输出文件mlb中会有这么几行,记住这个数字, 这个就是替换率

Substitution rate is per time unit
   0.395351 +- 0.000685

3.第一次运行mcmctree
/data/01/user157/software/paml4.8/bin/mcmctree mcmctree.ctl
输出文件out.BV, 用作下面步骤的输入文件

mcmctreel.input.tree的内容:

6 1
((Bamboo,XD),((sppCa,sppJu)'>.001',(sppGa,sppGo)));
#需要标定时间,>.001表示大于10万年
          seed = -1
       seqfile = A-c.phy
      treefile = mcmc.input.tree
       outfile = out

         ndata = 1
       seqtype = 0  * 0: nucleotides; 1:codons; 2:AAs
       usedata = 3    * 0: no data; 1:seq like; 2:use in.BV; 3: out.BV
         clock = 2    * 1: global clock; 2: independent rates; 3: correlated rates
       RootAge = <1.0  * safe constraint on root age, used if no fossil for root.

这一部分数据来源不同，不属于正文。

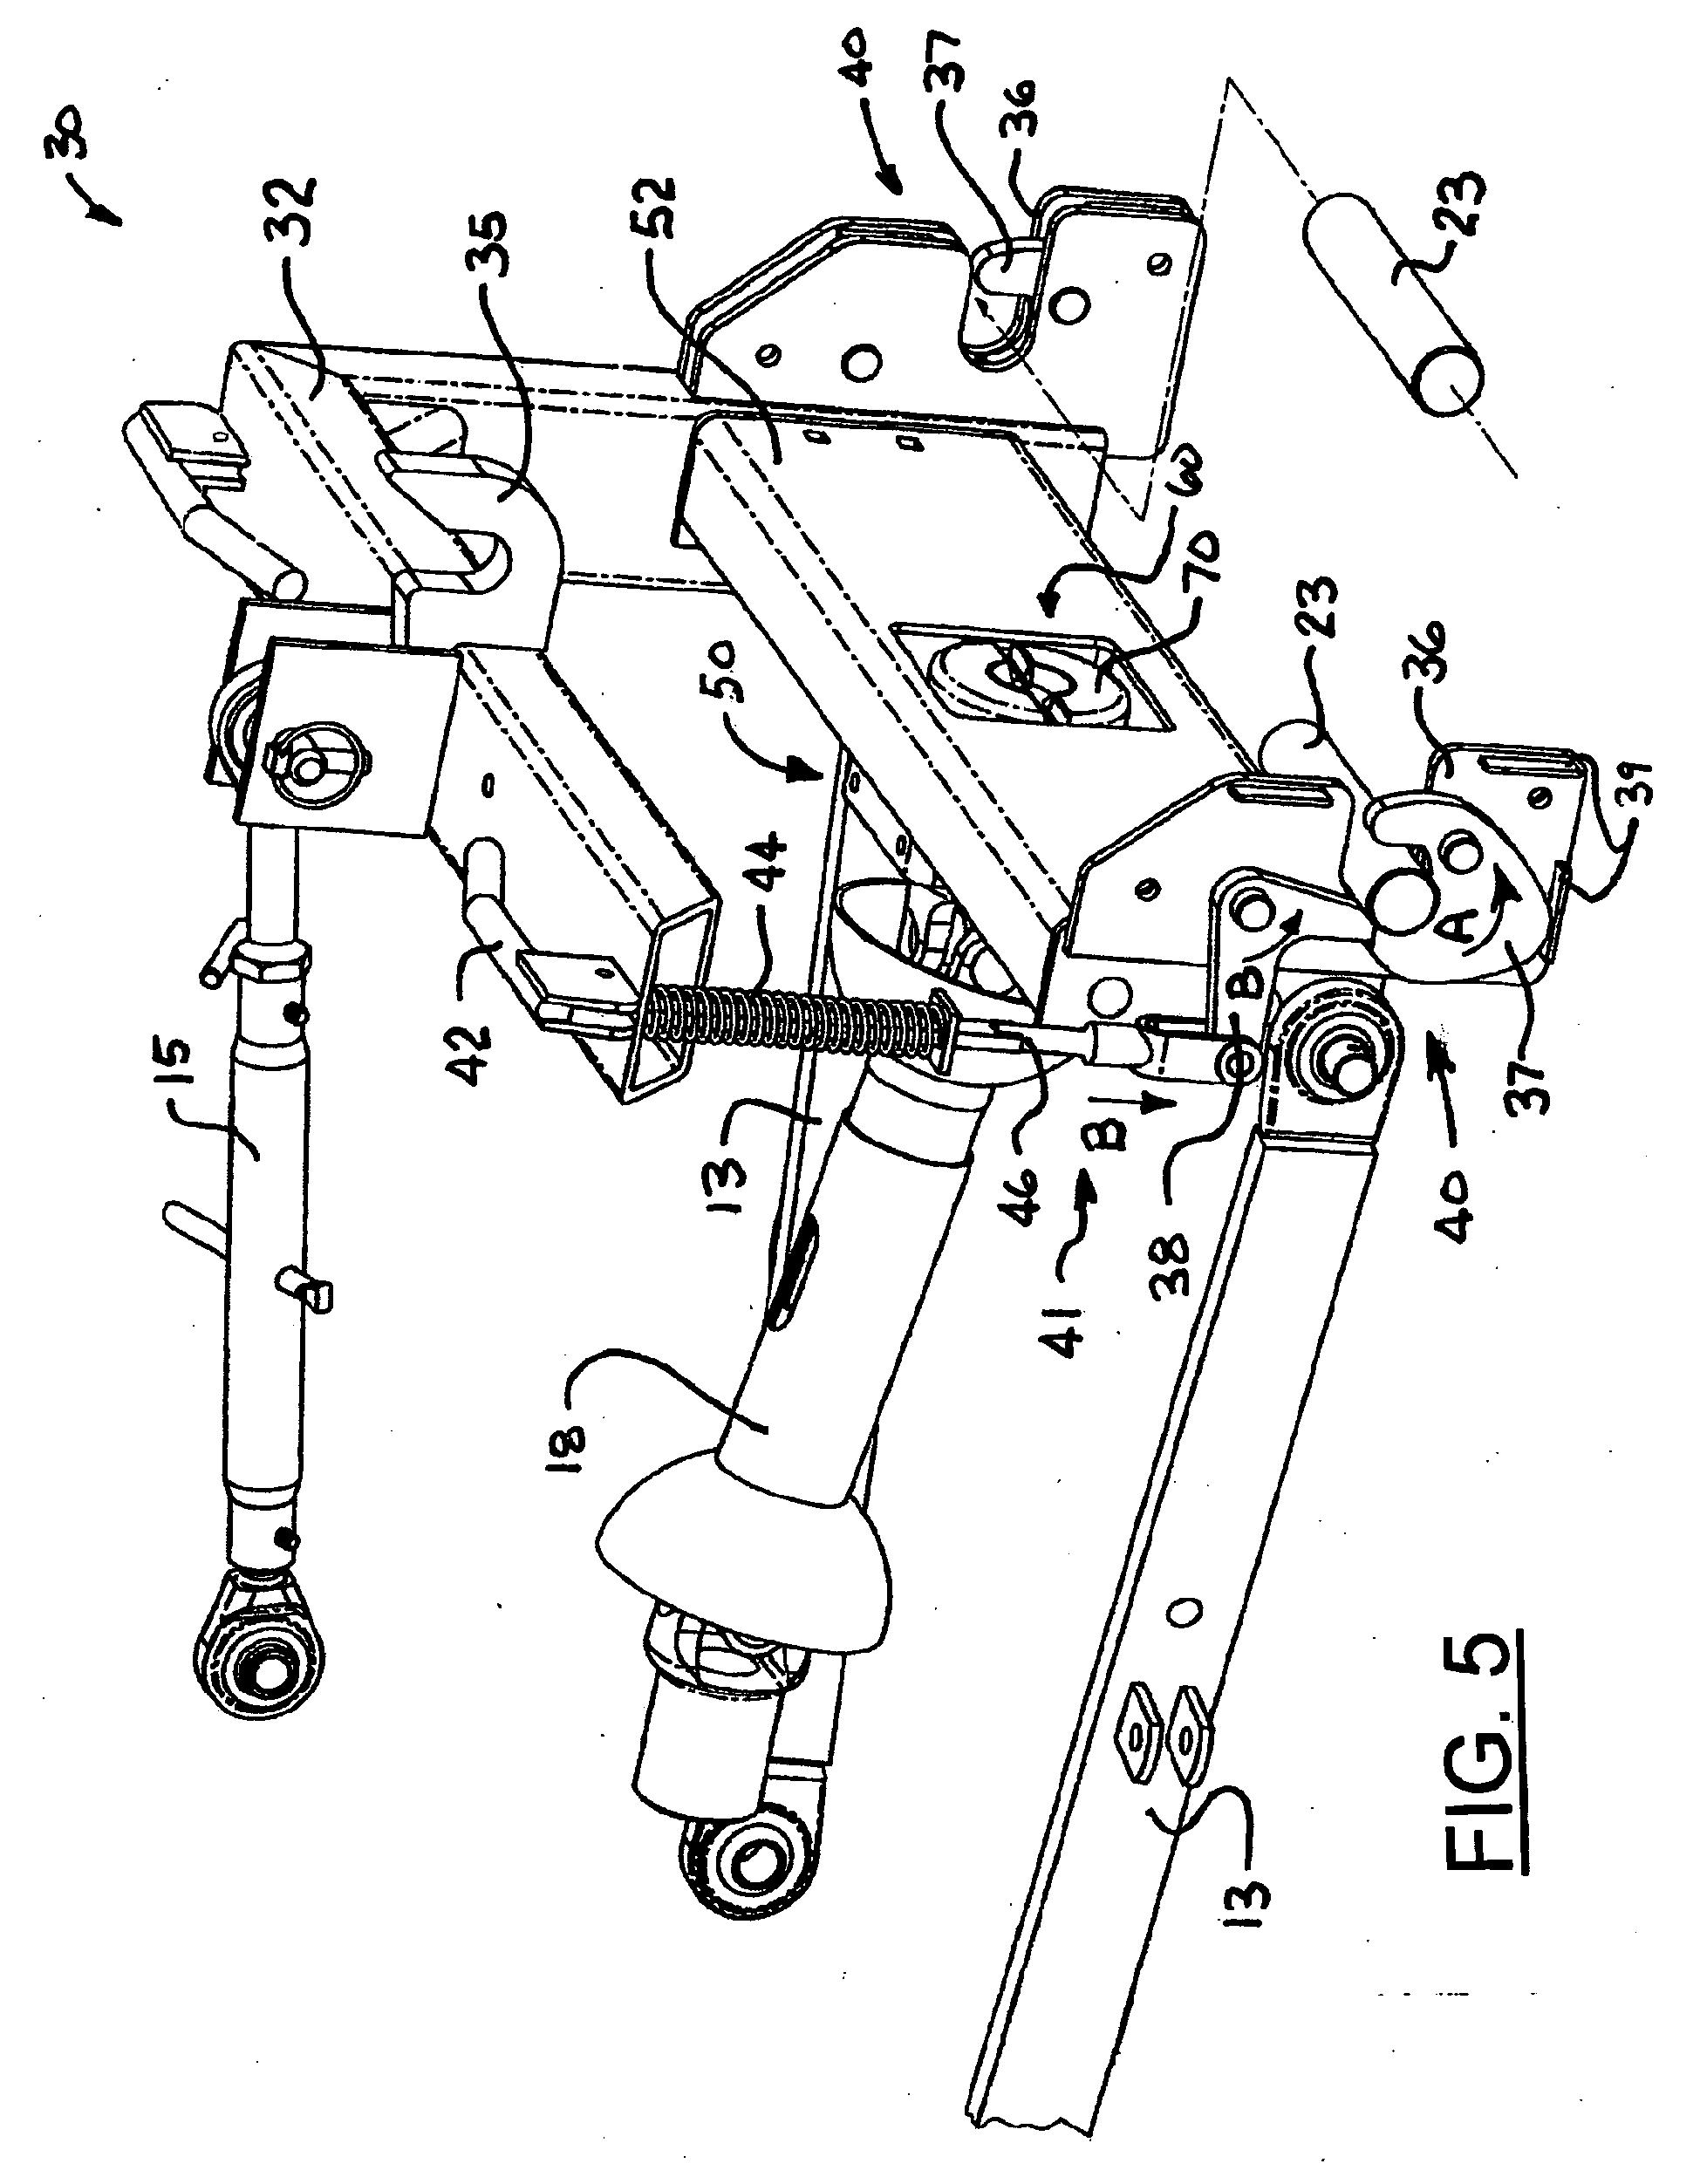 patent ep1932411b1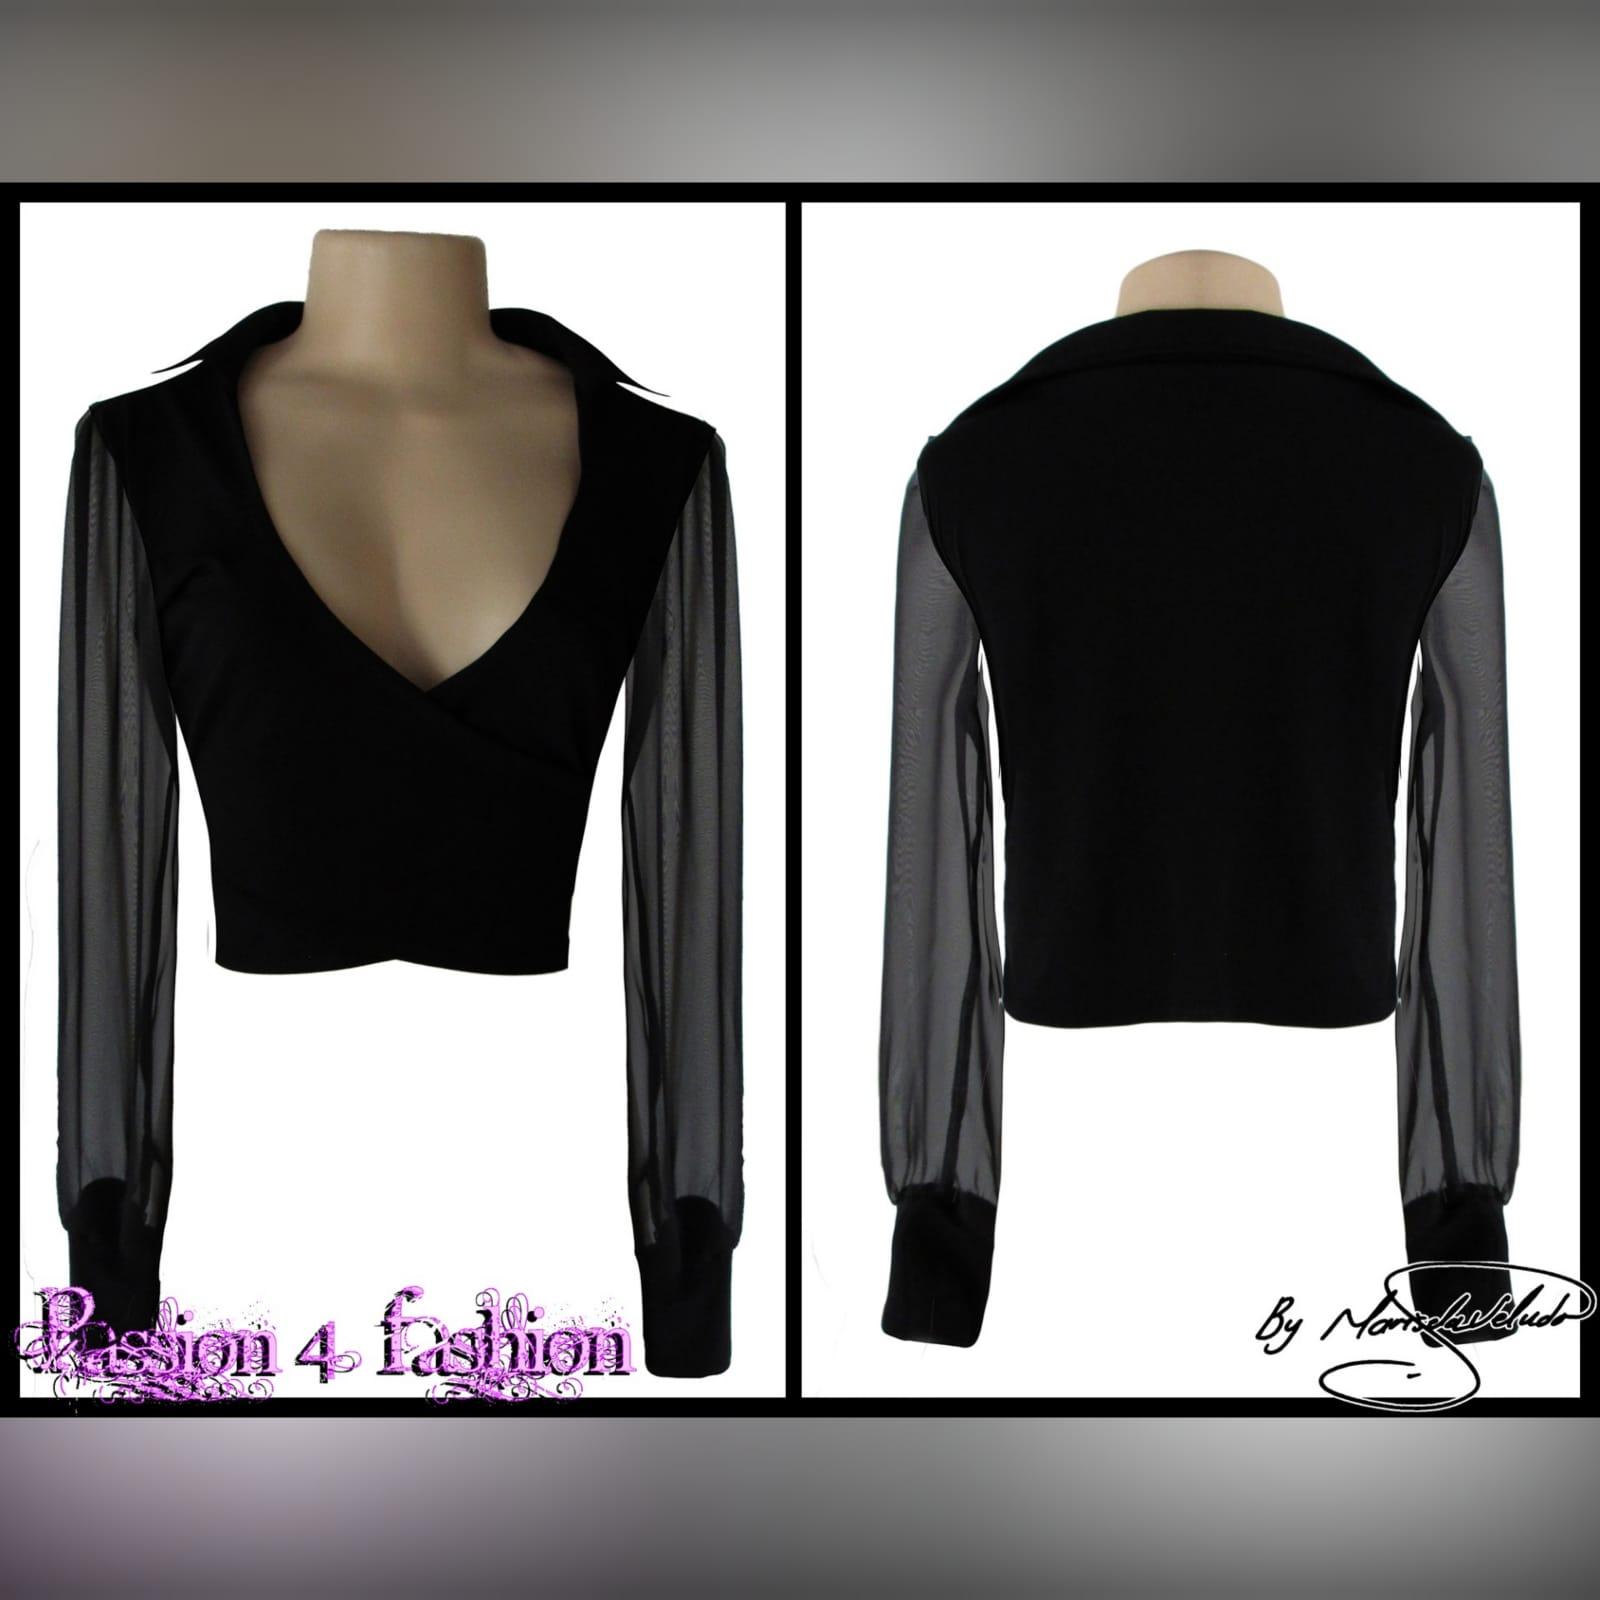 Smart casual v neck black crop top 2 smart casual v neck, black crop top with a back collar, sheer long sleeves. Black cuff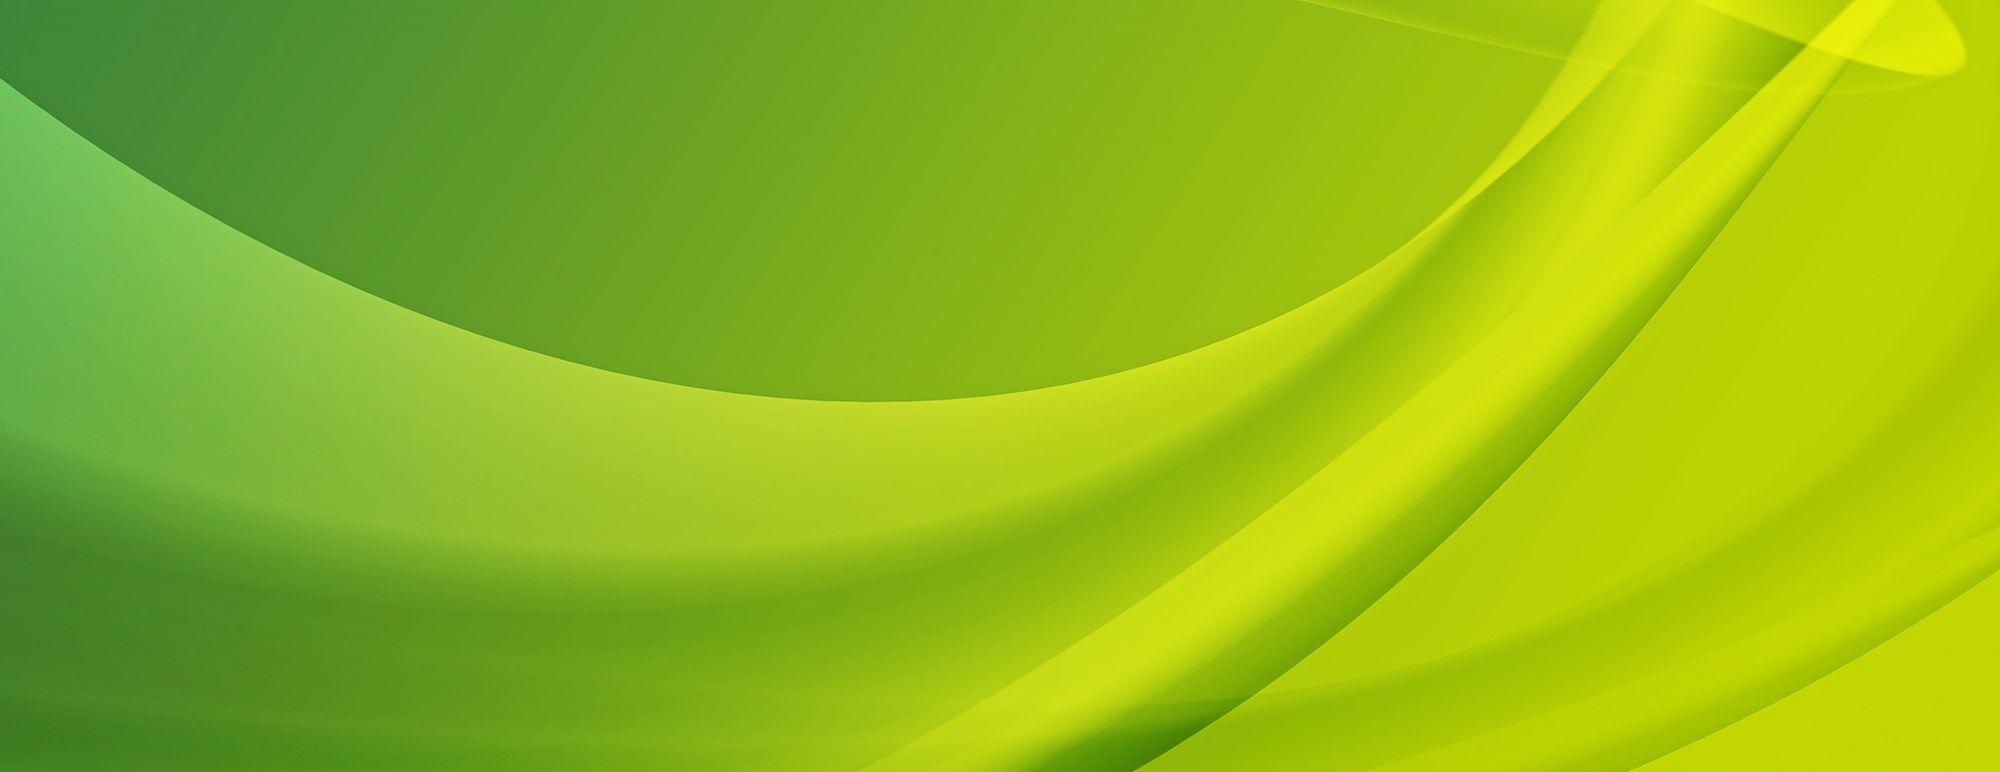 Web Design & Development Testimonials - CasaSoft Malta Europe

         model = 0    * 0:JC69, 1:K80, 2:F81, 3:F84, 4:HKY85
         alpha = 0    * alpha for gamma rates at sites
         ncatG = 5    * No. categories in discrete gamma

     cleandata = 0    * remove sites with ambiguity data (1:yes, 0:no)?

       BDparas = 1 1 0    * birth, death, sampling
   kappa_gamma = 6 2      * gamma prior for kappa
   alpha_gamma = 1 1      * gamma prior for alpha

   rgene_gamma = 1 2.529397927411 1  * gamma prior for overall rates for genes ### 1/替换率
  sigma2_gamma = 1 10 1   * gamma prior for sigma^2     (for clock=2 or 3)

      finetune = 1: .05  0.1  0.12  0.1 .3  * auto (0 or 1) : times, rates, mixing, paras, RateParas, FossilErr

         print = 1
        burnin = 500000
      sampfreq = 5000
       nsample = 20000

cat out.BV > in.BV #用作后面的输入文件

4.第二次运行mcmctree,把上面的in.BV拷贝在第二次运行的目录下
/data/01/user157/software/paml4.8/bin/mcmctree mcmctree.ctl

这一次的mcmctree.ctl的内容:(区别在于usedata = 2

         seed = -1
       seqfile = A-c.phy
      treefile = mcmc.input.tree
       outfile = out

         ndata = 1
       seqtype = 0  * 0: nucleotides; 1:codons; 2:AAs
       usedata = 2    * 0: no data; 1:seq like; 2:use in.BV; 3: out.BV
         clock = 2    * 1: global clock; 2: independent rates; 3: correlated rates
       RootAge = <1.0  * safe constraint on root age, used if no fossil for root.

         model = 0    * 0:JC69, 1:K80, 2:F81, 3:F84, 4:HKY85
         alpha = 0    * alpha for gamma rates at sites
         ncatG = 5    * No. categories in discrete gamma

     cleandata = 0    * remove sites with ambiguity data (1:yes, 0:no)?

       BDparas = 1 1 0    * birth, death, sampling
   kappa_gamma = 6 2      * gamma prior for kappa
   alpha_gamma = 1 1      * gamma prior for alpha

   rgene_gamma = 1 2.292111240743 1  * gamma prior for overall rates for genes  ### 1/替换率
  sigma2_gamma = 1 10 1   * gamma prior for sigma^2     (for clock=2 or 3)

      finetune = 1: .05  0.1  0.12  0.1 .3  * auto (0 or 1) : times, rates, mixing, paras, RateParas, FossilErr

         print = 1
        burnin = 500000
      sampfreq = 5000
       nsample = 20000

*** Note: Make your window wider (100 columns) before running the program.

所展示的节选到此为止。